The koala is an Australian creature, and it is frequently called a “bear.” Although it looks fluffy and cute, the koala is actually a marsupial — a vertebrate with an organ for reproduction. Unlike other fuzzy animals like raccoons or bears, the koala has fur similar to wool from sheep but looks like they have more hair than they do.
The koala only has two fingers on their hands, and both their feet and hands have a sticky pad to help them climb trees. They use their toes less often because they have two opposable thumbs on their hand. Koalas eat leaves and bark in order to survive.
There’s been a myth that koalas drink leaves to get drunk and pass out all day — this isn’t true! They spend most of the time sleeping because it takes too much energy to process the tough plant-based diet that they eat and sleep is one of the best ways to save up energy. The young of a marsupial is called a joey or kangaroo baby
#5 Beluga Whale
Beluga whales are known for the white tone of their skin, as well as their distinctive vocal sounds. This makes them known as “canaries of the ocean.” They’re extremely friendly animals, coming together to play with each other and interact in a variety of ways.
These whales are found throughout the Arctic and the sub-Arctic waters of the world, in the United States, and even in Alaska. Belugas can live anywhere from inland bays and coves to salt and fresh water. Different types of fat layered within their thick skin protects them on days where it’s freezing outside. There are also certain dangers that belugas face such as contamination, environmental degradation, poaching, oil exploration, human disturbance.

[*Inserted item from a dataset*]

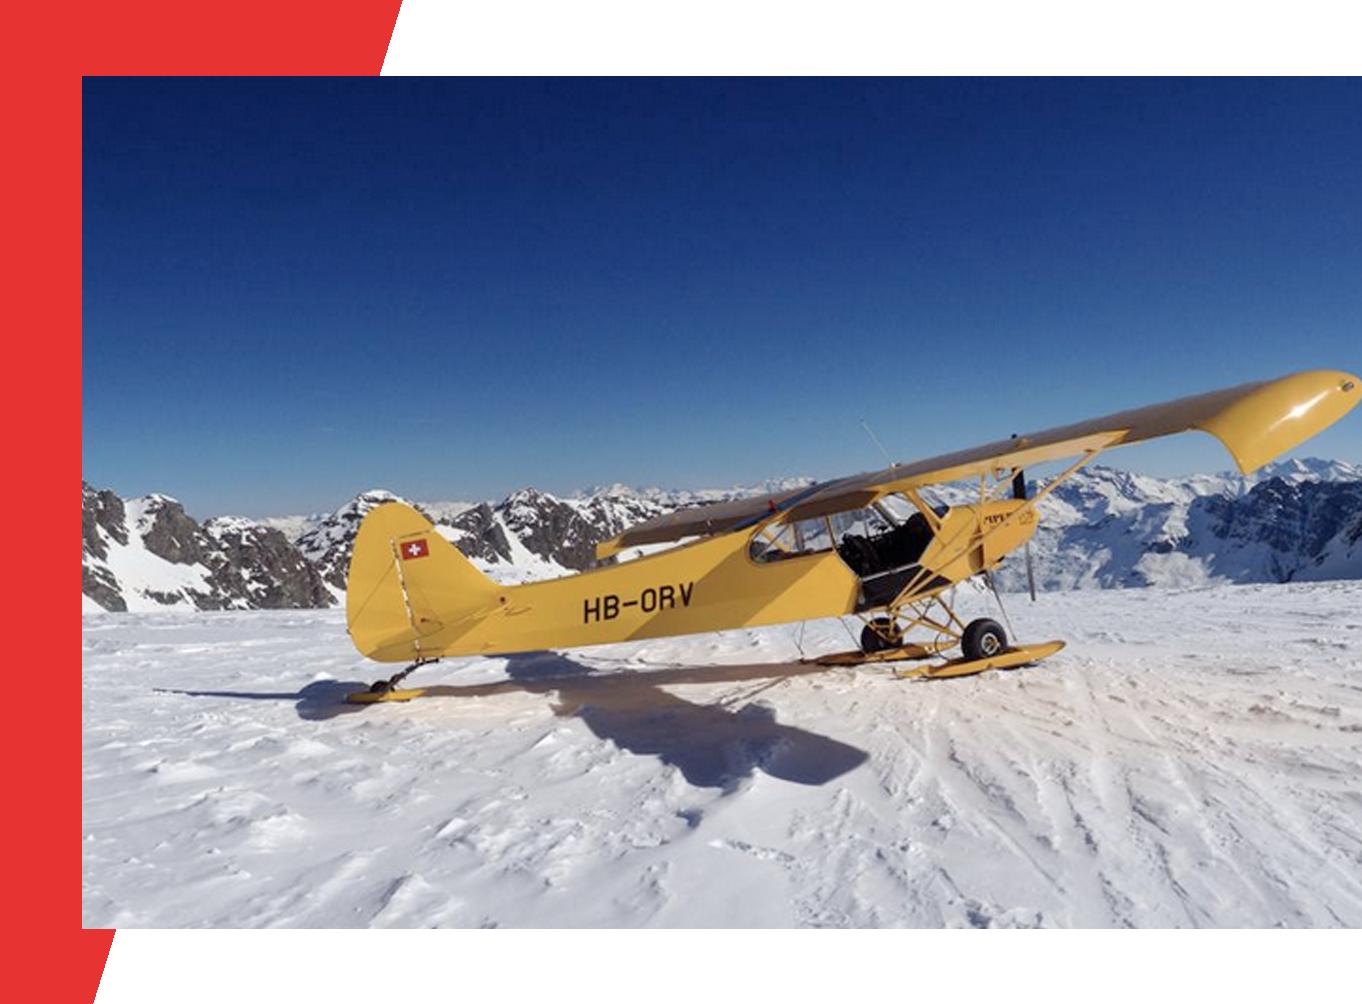 https://www.lausanne-aeroclub.ch/wp-content/uploads/2019/10/plane_SuperCub.png

#6 Down Syndrome in Giraffes
Giraffes are amazing creatures. They have long legs, but they can also have Down condition. Animals with this condition often experience heart problems and other difficulties. Giraffes also have a hereditary condition called skeletal dysplasia which causes their bones to be malformed. Another type of animal that has this condition is the bantam chicken.
#7 Down Syndrome in Dogs
Having a large tongue is a common symptom of Down syndrome and also a common symptom of macroglossia that can occur in dogs. Macroglossia is typically due to enlarged cells, muscle tension, or an allergic reaction – the result of excessive tissue growth in their tongues, which leads to breathing difficulties. This reduced range of motion makes something as simple as using their tongue to suckle incredibly difficult for them.

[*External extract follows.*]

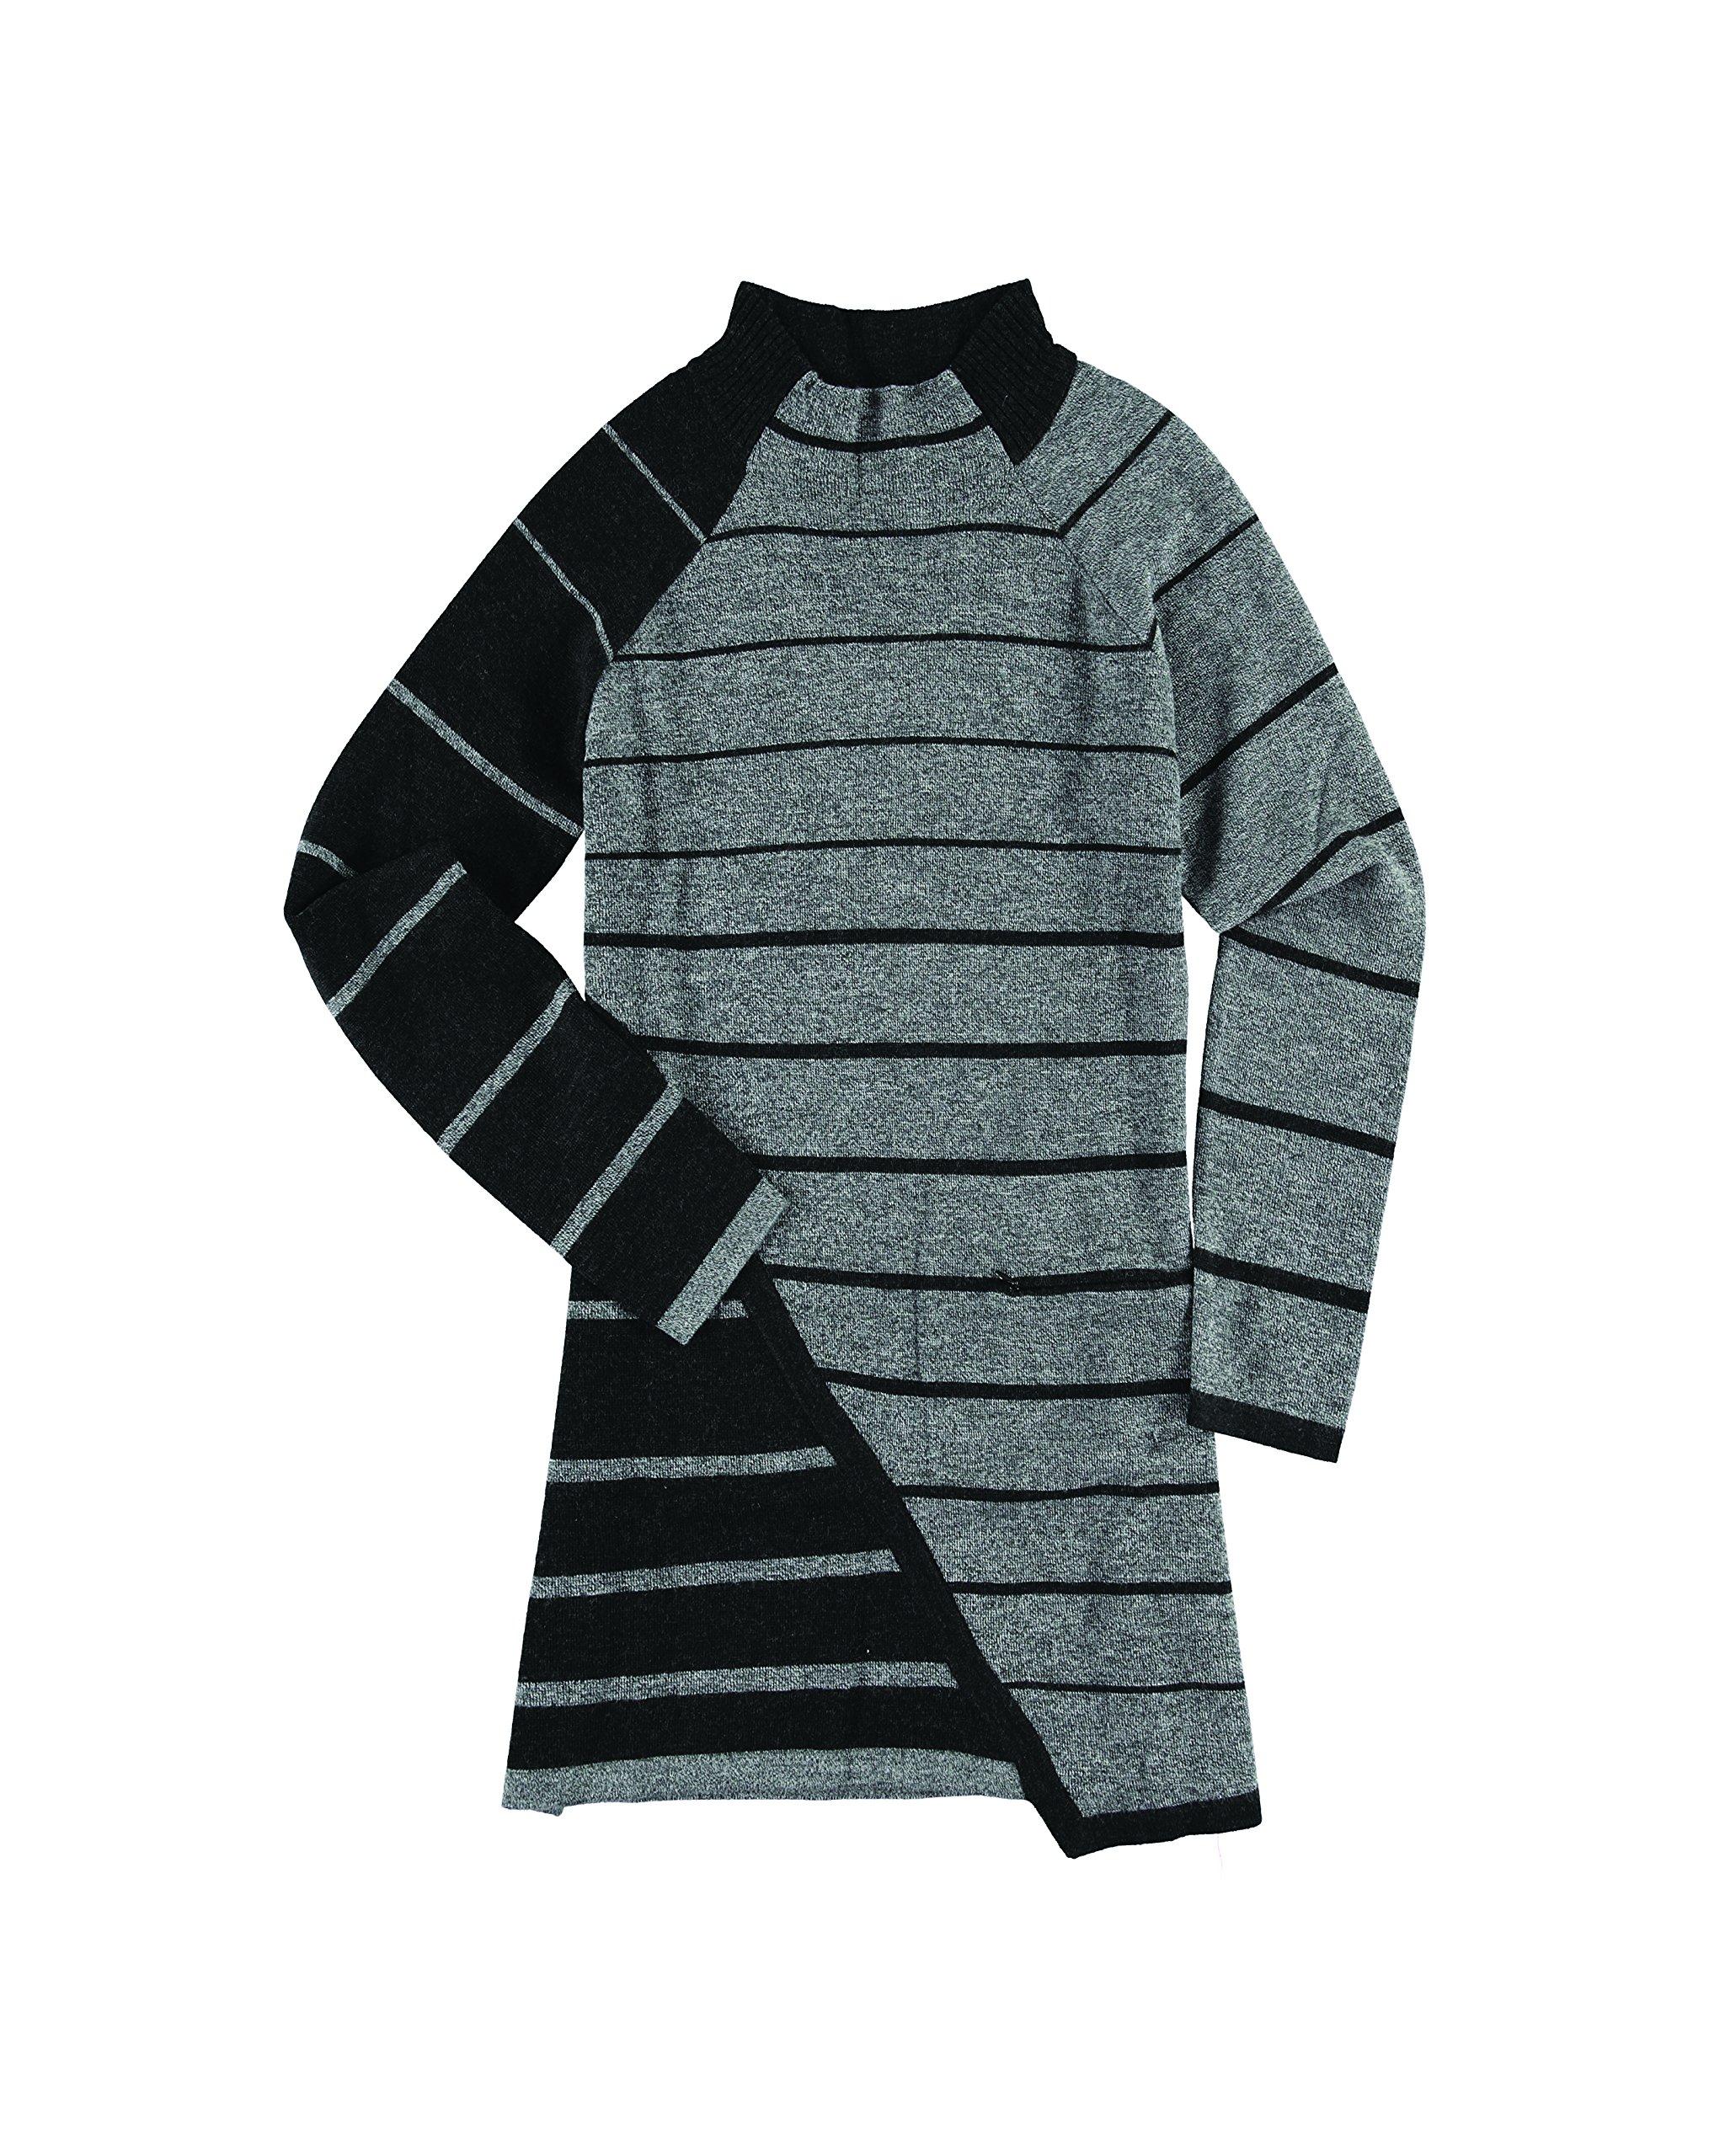 Krimson Klover Penelope Asymmetrical Striped Tunic - ( Heather Black, X-Small ) by Krimson Klover

While it is often assumed that macroglossia in a dog is the result of Down syndrome – it rarely occurs for this reason. Canines have one less chromosome than humans typically do, but are not known to have any form of rehashed hereditary material associated with Down disorder as people typically do.
Canines are known to be born with some similar physical characteristics related to Down syndrome, such as an expressive muzzle or slow movement, but the vast majority of these similarities are only coincidental and not directly related to genes. The simplest answer on whether canines can be impacted by Down syndrome is unclear at this point in time.
Summary on Animals with Down Syndrome
Not all animals have down’s syndrome, even though they are more prone to experiencing genetic problems and actually inherit traits from their human companions. Even though the virus is different from down syndrome, it may still provide them similar visual and mental abilities. Although humans are the only other living thing that can cause a disease, it doesn’t mean that other organisms don’t exist who could cause an illness.